Assistant API and function calling

The way the assistant API expects a feedback when there is a function calling is lowering the ability to build up useful features on top of Assistants. You have to provide a function feedback before it triggers the textual output and finishes the run.

On my end, I would like to be able to get the information about function(s) to be called without it beeing a blocker for the textual output of the model

Why ?

  • Because it is way faster and the way it is structured right now makes it impossible to be used for near real time answer expectations
  • Because I don’t want the LLM textual output to be influenced by the function feedback

I understand that in some cases it might be useful but why not add a parameter to the POST query to avoid the need for function feedback and have the best of both worlds?

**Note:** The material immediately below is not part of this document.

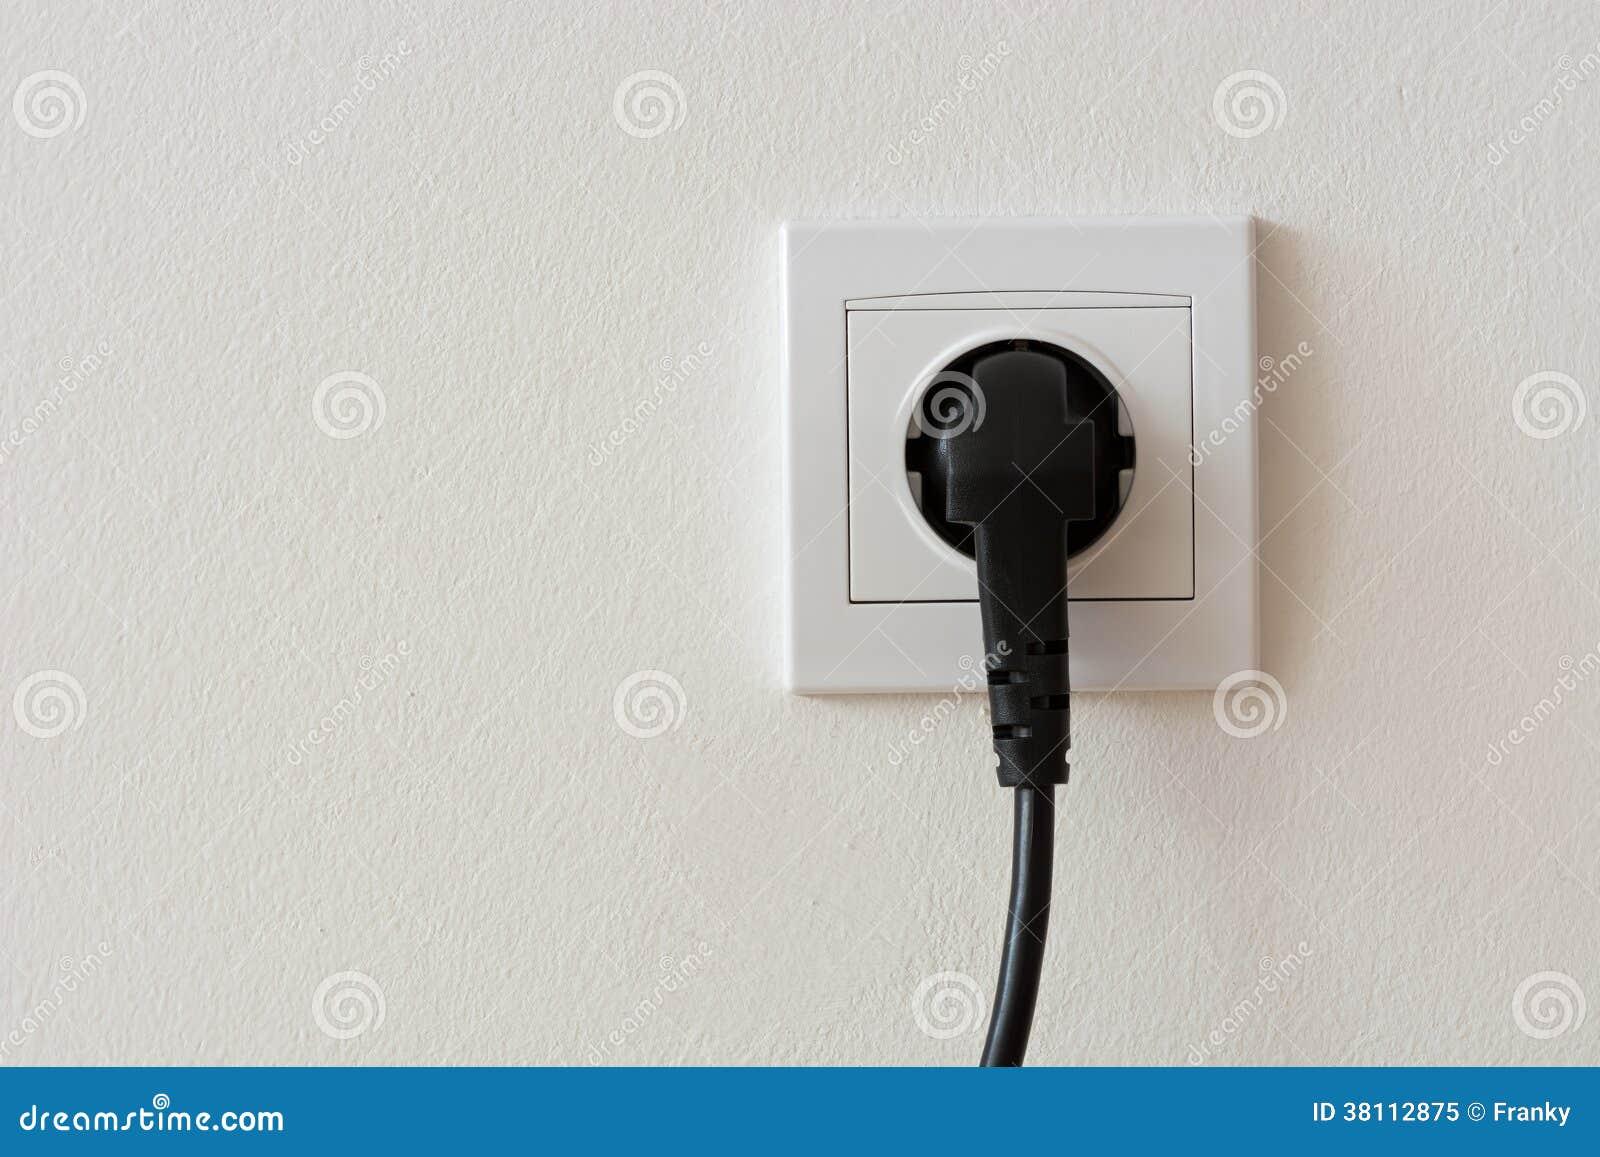 Brilliant Black 220 Volt Power Plug Plugged In A Socket Stock Image Image Of Wiring Cloud Venetbieswglorg

My use case is the following : users provide a transcript of a call they have with a customer. My assistant API provide a summary of the call structured through a pre-designed framework. In addition I use a function to recommend product depending of what is said during the conversation. Thanks to the arguments I can use my elasticsearch service to provide products in touch with the customer’s needs.

The current compulsory workflow is the following one :

  • Send the transcript passing the run’s status to “in progress”
  • wait 10-13 seconds
  • the assistant tells me which function to call and pass the status of the run to actions_required
  • I provide it with fake answers (true to all the function calls) passing the run status to in_progress
  • wait 10-13 seconds
  • the assistant provide the textual output passing the status to completed

What I would like to achieve is the following :

  • Send the transcript passing the run’s status to “in progress”
  • wait 10-13 seconds
  • the assistant tells me which function to call and provides the textual output of the LLM passing the status to completed
  • I run the functions to call asynchronously on my server and enrich the textual answer accordingly making it 10-13 seconds faster than the current possible workflow
1 Like

Maybe you can expand a bit on your usecase? You can certainly instruct the Assistnat to make calls where with the result is irrelevant to the text output. And obviously you by describing the function and the prompt have control over how and when you want to function to be called. Share a little bit about what challenge you have with it. Or what scenario you are trying to run?

I enriched my question, is it clearer?

So if I understand correctly you actually want two things done with the same transcript? 1) create a specifc format summary 2) create a product recommendation.
Why not create two assistants and start both, one for each.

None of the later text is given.